I guess what I am really trying to put across in my Corel slanted view is choose the tool based on the job. After all as a carpenter you would not only use a hammer but might actually need to know how to use a saw or a screw driver. All software has a place in our world of Graphics and Creative Design and we should embrace it. As to the comments about Corel not running on a Mac well true in the native OS no, but run Parallels or dual boot into a Microsoft partition on your Imac and it’ll work just fine. Please keep the flaming to a min

I’ve never had great luck with Parallels. It’s always given me problems of one sort or another. I’ve finally mostly abandoned it in favor of an old Windows laptop I can use for when I really need Windows for something.

Booting into a Windows partition, of course, makes Corel Draw run natively on a Mac, but it’s a bit of a hassle switching back and forth between operating systems and having to reboot the machine in the process. It’s a rare situation where I’m only using one application at a time, so those back-and-forth reboots are a deal-killer for me.

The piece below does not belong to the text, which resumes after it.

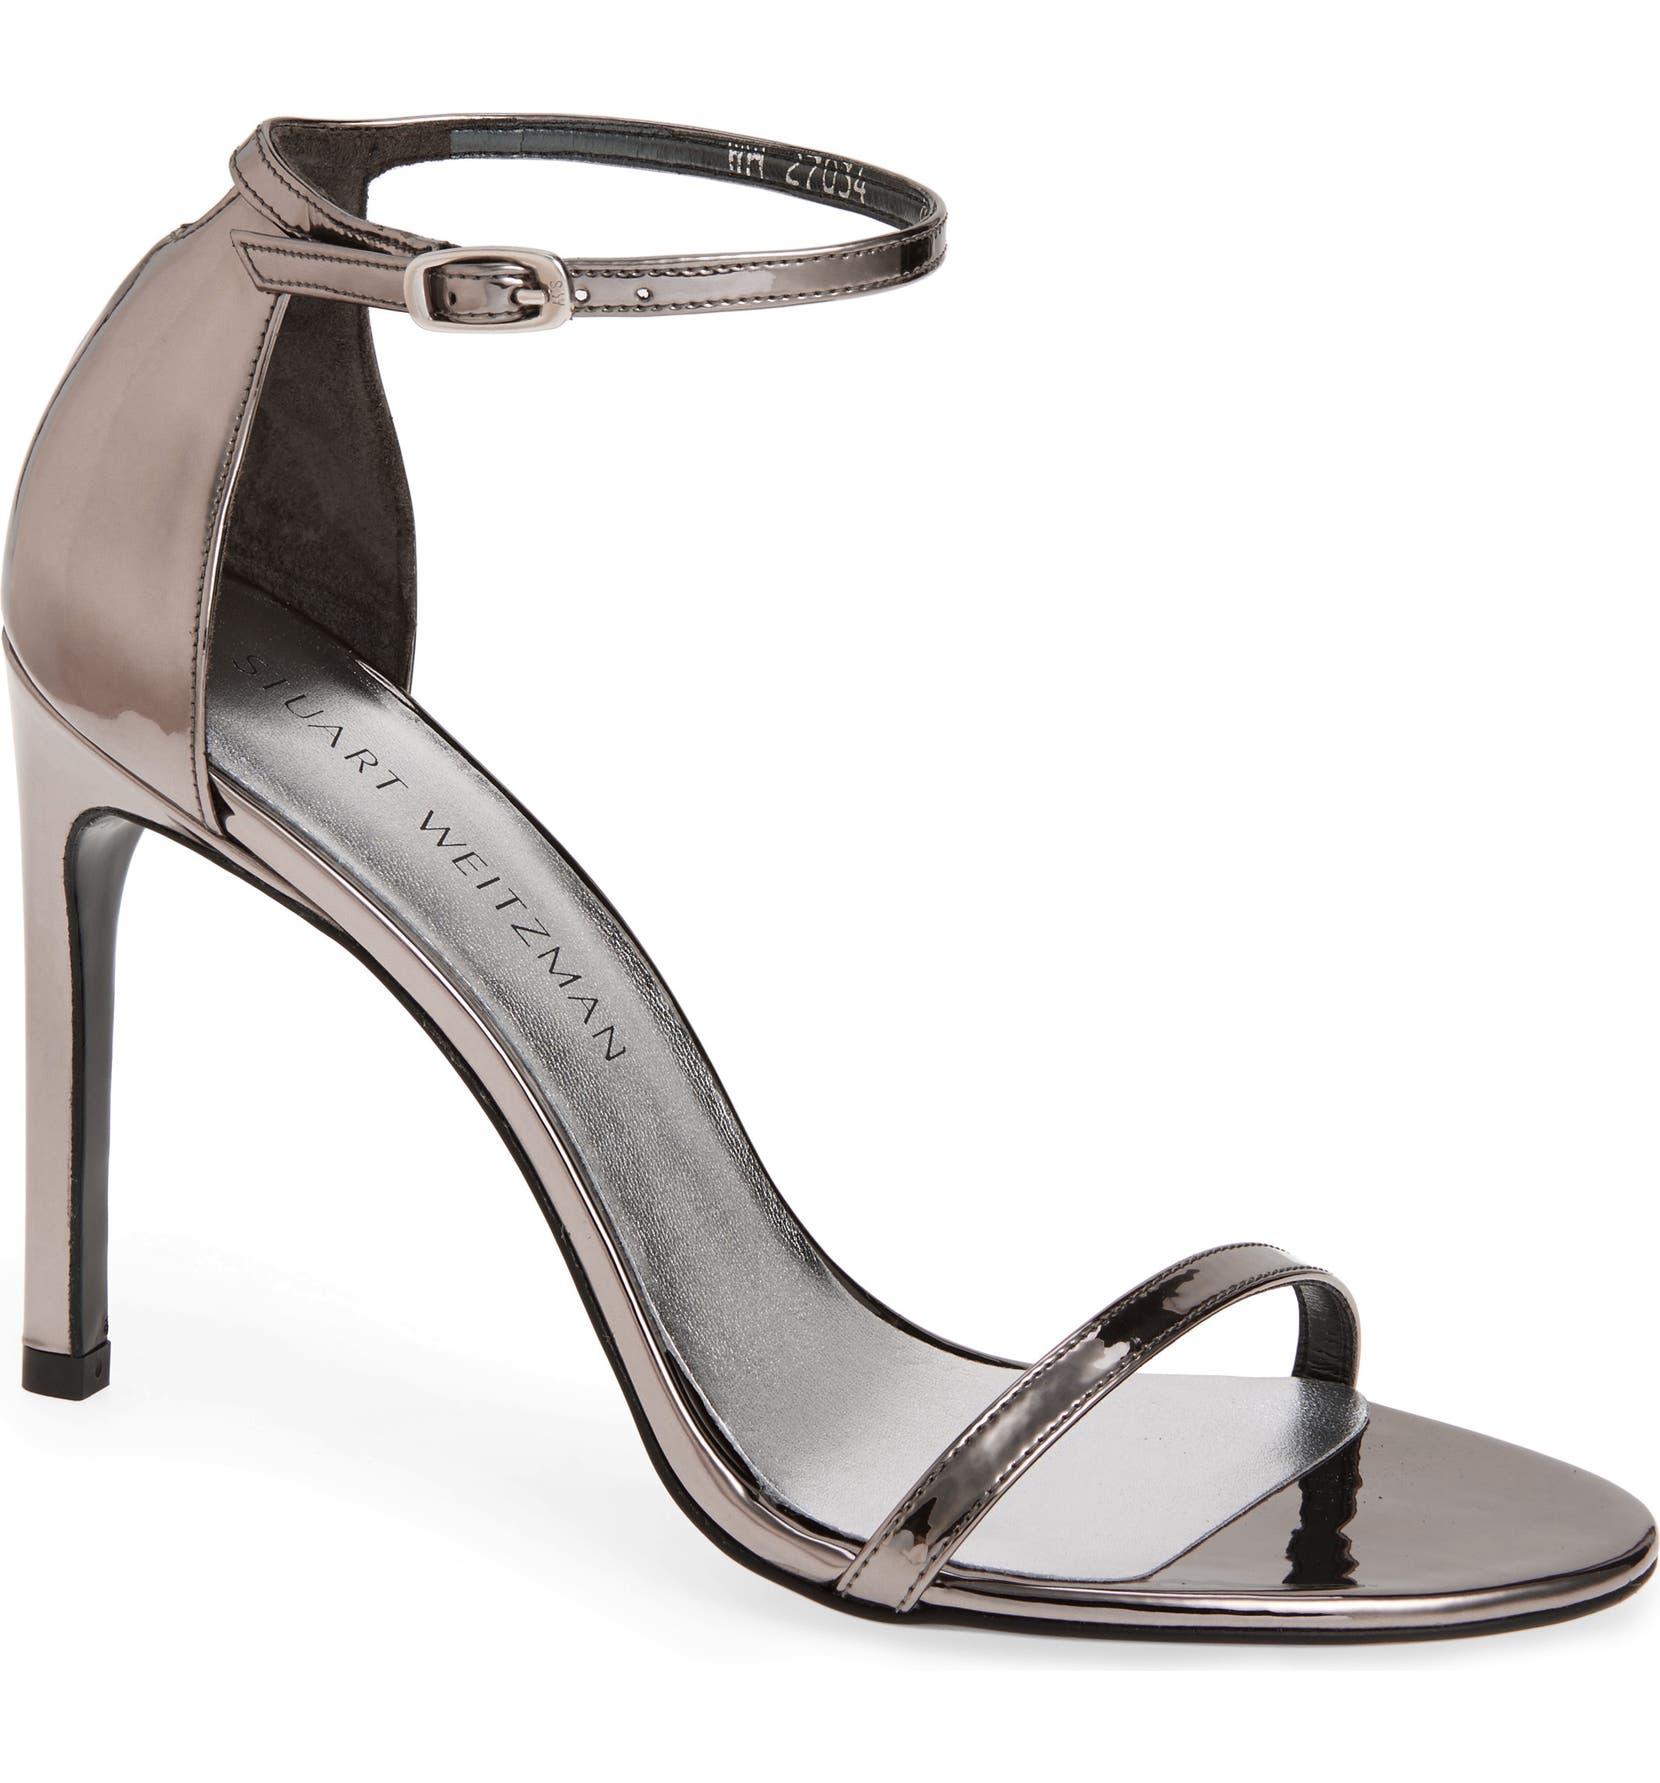 c6a8b6e0e6cc Stuart Weitzman Nudistsong Ankle Strap Sandal (Women)

Partitioning the drive is also problematic given that it’s something not easily done unless one starts from scratch with an empty drive. And given the relatively small size and popularity of solid-state drives, sacrificing a good chunk of it to a Windows partition comes with a price. It also requires buying a copy of Windows.

It’s also a tough sell given that other increasingly capable Mac drawing programs exist in addition to Illustrator.

Add all this up, and it amounts to a significant practical hurdle for Mac users considering CorelDraw as an alternative to Illustrator. Like I’ve said, CorelDraw, given my limited exposure to it, is a very capable application, and if a Mac user prefers it, it’s certainly an option, but still inconvenient. Then again, someone experienced with and preferring CorelDraw is likely using a PC and not a Mac anyway.

Personally, I wish that Corel had committed itself more consistently to both Macs and Windows earlier on and competed head-to-head with Adobe. At this point, though, it might be too late in the game, but I’d still like to see it happen.